Thursday’s contract offer was made with a definite air of “take or leave it,” which included a noon Monday ultimatum for agreeing to the rotten deal. Nelson, MOA CEO Michael Henson and the MOA board circumvented the lockout mediator, former Sen. George Mitchell (Democrat from Maine), sending letters directly to the musicians. Mitchell was brought in midsummer 2013 to “bring the musicians around” to accepting reduced standards of living, which the latter have consistently and unanimously rejected, including in a vote in early September.

The signing bonus maneuver is also an obvious attempt to increase the pressure on the musicians, who have had no pay or benefits for an entire year. The MOA board has also threatened the players with the cancellation of another season, which is due to begin October 4.

The locked-out players have witnessed the departure of a number of their colleagues to other orchestras, including Burt Hara, principal clarinetist, to the Los Angeles Philharmonic (after 25 years with the Minnesota Orchestra), David Pharris, second clarinet, to the Houston Symphony, violinist and Acting First Associate Concertmaster Peter McGuire to the Tonhalle Orchester Zürich, principal second violinist Gina DiBello to the Boston Symphony Orchestra and subsequently the Chicago Symphony Orchestra and numerous others. More than two dozen orchestra vacancies have gone unfilled.

Meanwhile, during the year the players managed as they could without pay, the MOA oversaw the renovation of Orchestra Hall for $50 million.

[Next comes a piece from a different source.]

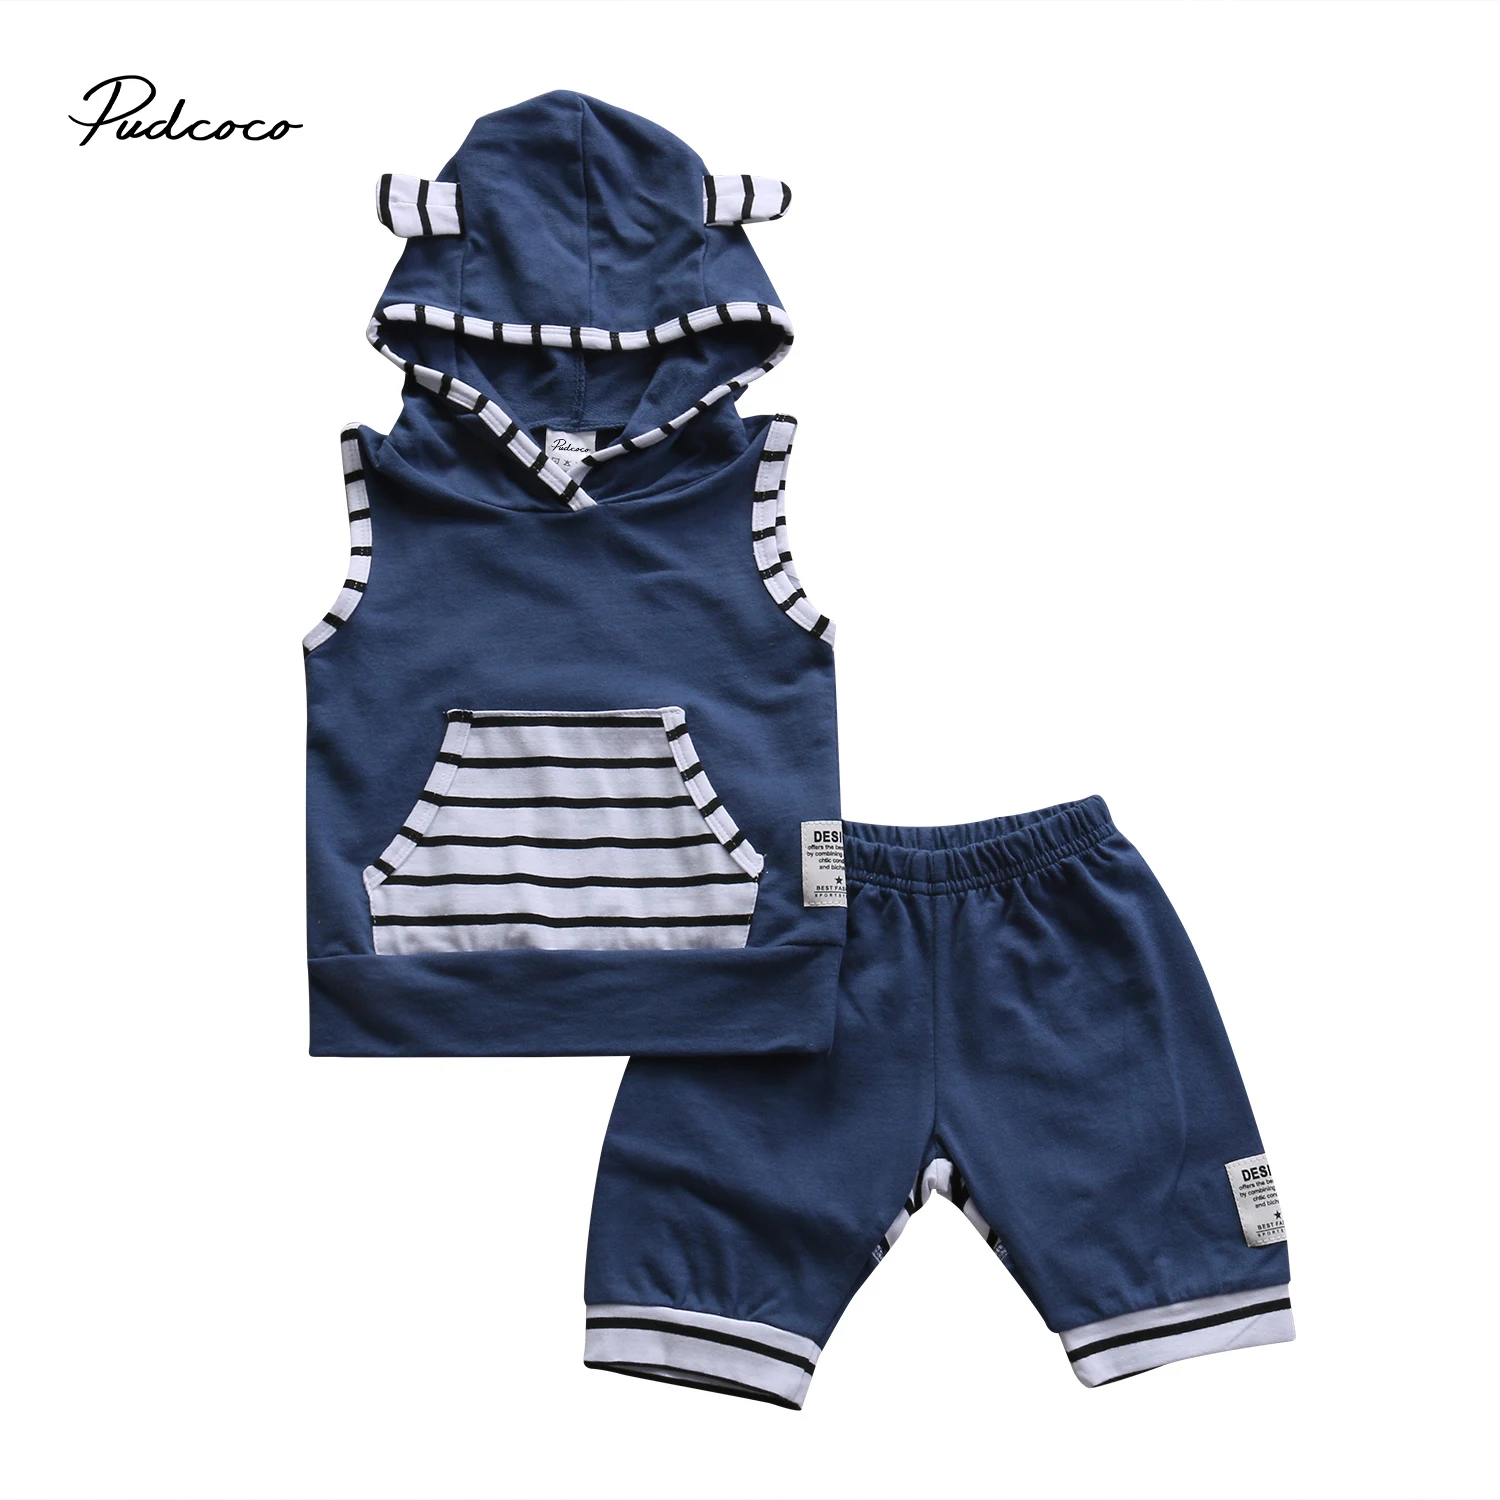 Pudcoco/комплект одежды из 2 предметов для маленьких мальчиков и девочек хлопковый комплект одежды без рукавов в полоску с капюшоном+ штаны для детей от 0 до 3 лет, Helen115 - Цвет: Синий

Kevin Watkins, a negotiator hired by the musicians during the lockout, told Minnesota Public Radio earlier this month, “Our members have been locked out, and the lockout to them [the MOA] has been seen as a convenience, in that the hall was under construction. The orchestra was going to lose millions putting on a season [in the downtown Minneapolis Convention Center] ... and so this was a win-win. Break the musicians and save a lot of money.”

In May of this year, the St. Paul Chamber Orchestra musicians, without a contract for months, ratified a three-year agreement that cuts base pay by 18.6 percent for the SPCO’s 32-week season, reduces over-scale pay and reduces full-time players from a total of 32 to 28.

The Minnesota Orchestra board of directors roster is a virtual guide to Twin Cities big business. Its chair is Jon R. Campbell, an Executive Vice President and Director of Government and Community Relations at Wells Fargo Bank. The immediate past MOA chair was Richard K. Davis, CEO of U.S. Bancorp. Both Wells Fargo and U.S. Bancorp own $14 million in Minnesota “bridge loan” bonds for the MOA. The MOA treasurer is Patrick E. Bowe, a Cargill Corporate Vice President, and the MOA finance director is Emily Backstrom of General Mills. Also on the board is Ben Fowke, Chairman, President and CEO of Xcel Energy, along with Michael Klingensmith, Publisher and CEO of Star Tribune Media.

Needless to say, each of these people could go unpaid for a year and not notice the difference.

The Minnesota Orchestra’s famed conductor Osmo Vanska informed the MOA by letter April 30 that he would resign in September if he had not seen the return of the musicians. Important engagements and studio recordings have been cancelled in the interim. A performance at New York’s Carnegie Hall is scheduled for early November, and Vanska has said that if the musicians are not present for rehearsal by this Monday, September 30, his resignation would be final.

The musicians, who have fought courageously for a year, find themselves isolated in a struggle with the corporate and banking elite.